**DATA EXTRACT:**
┄┄┄┄┄┄┄┄┄┄
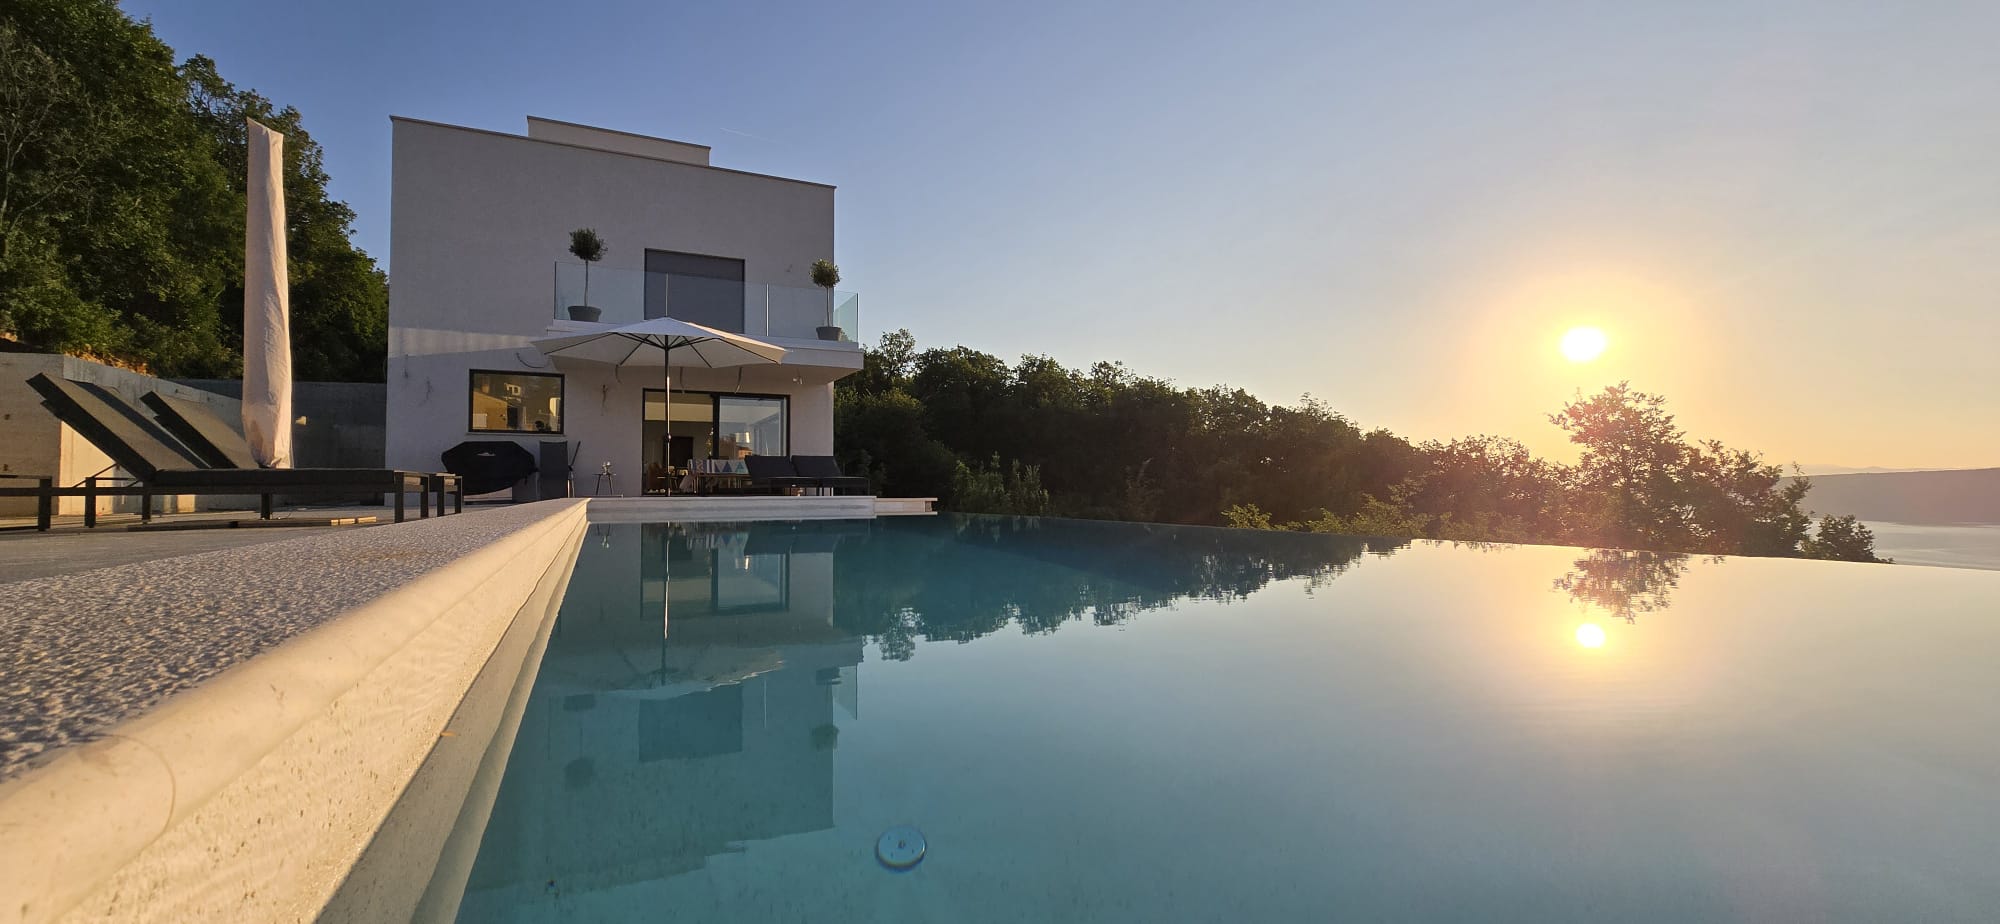 Villa Ena - Ferienhaus in Istrien mit Pool direkt am Meer und bestechendem Blick auf Meer und Natur
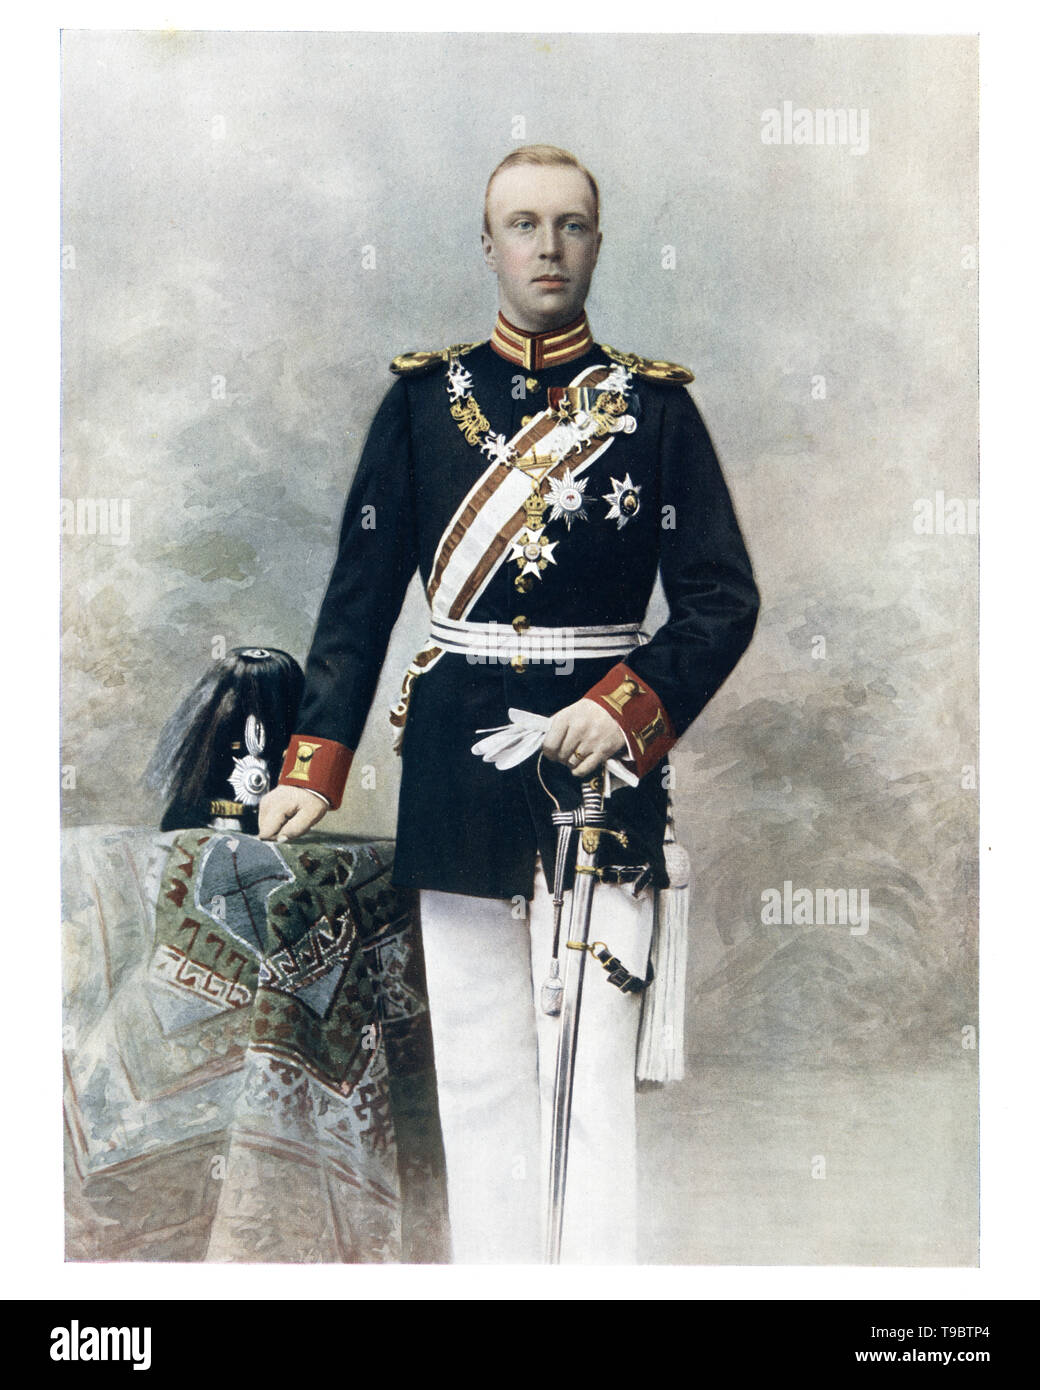 Il Duca Enrico di Mecklenburg-Schwerin era principe consorte dei Paesi Bassi come il marito della Regina Guglielmina dei Paesi Bassi. Foto Stock
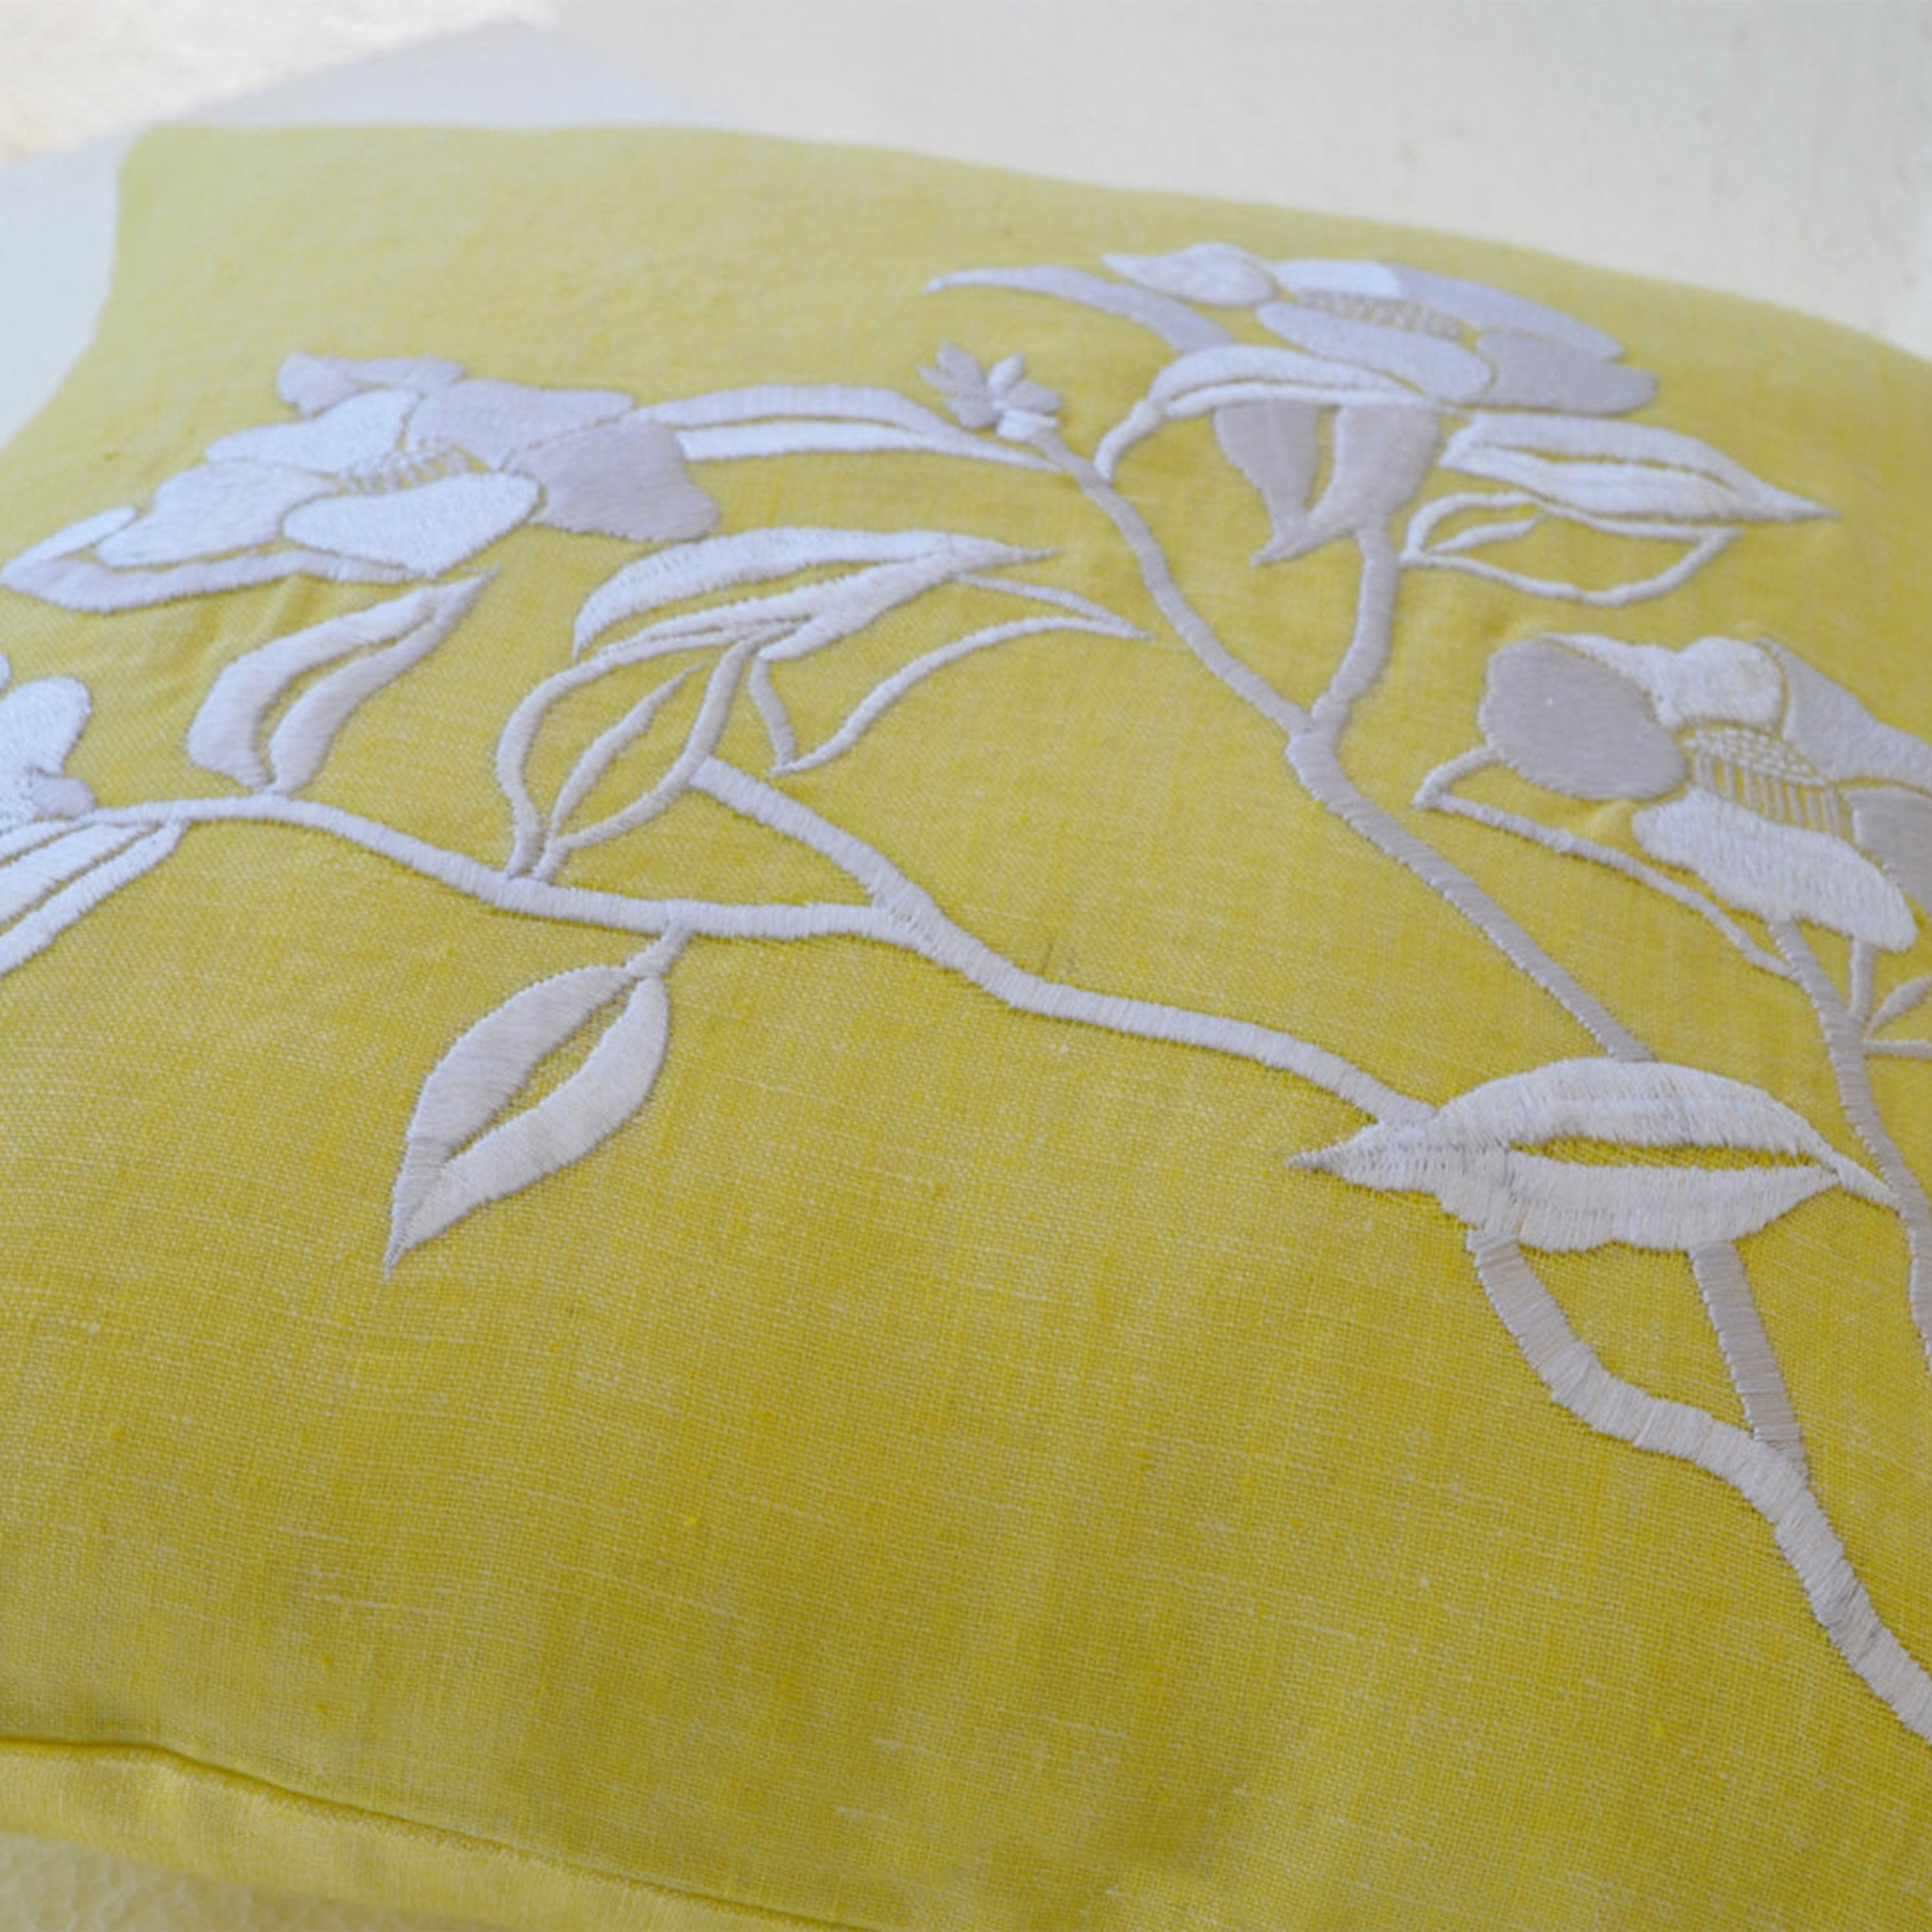 Flower Pillow- Yellow Pillow Cover -Iris Flowers Embroidered Pillow- Linen Pillow Covers- Modern Throw pillows- 16x16- Yellow White Pillows
┄┄┄┄┄┄┄┄┄┄
**WHAT THE TASK REQUIRES:** Repeat only the lines from the one holding "Il Duca Enrico" through the last line of the data, inclusive. Keep the pictures out.

**RESPONSE FOR THIS EXERCISE:**
 Il Duca Enrico di Mecklenburg-Schwerin era principe consorte dei Paesi Bassi come il marito della Regina Guglielmina dei Paesi Bassi. Foto Stock
 Flower Pillow- Yellow Pillow Cover -Iris Flowers Embroidered Pillow- Linen Pillow Covers- Modern Throw pillows- 16x16- Yellow White Pillows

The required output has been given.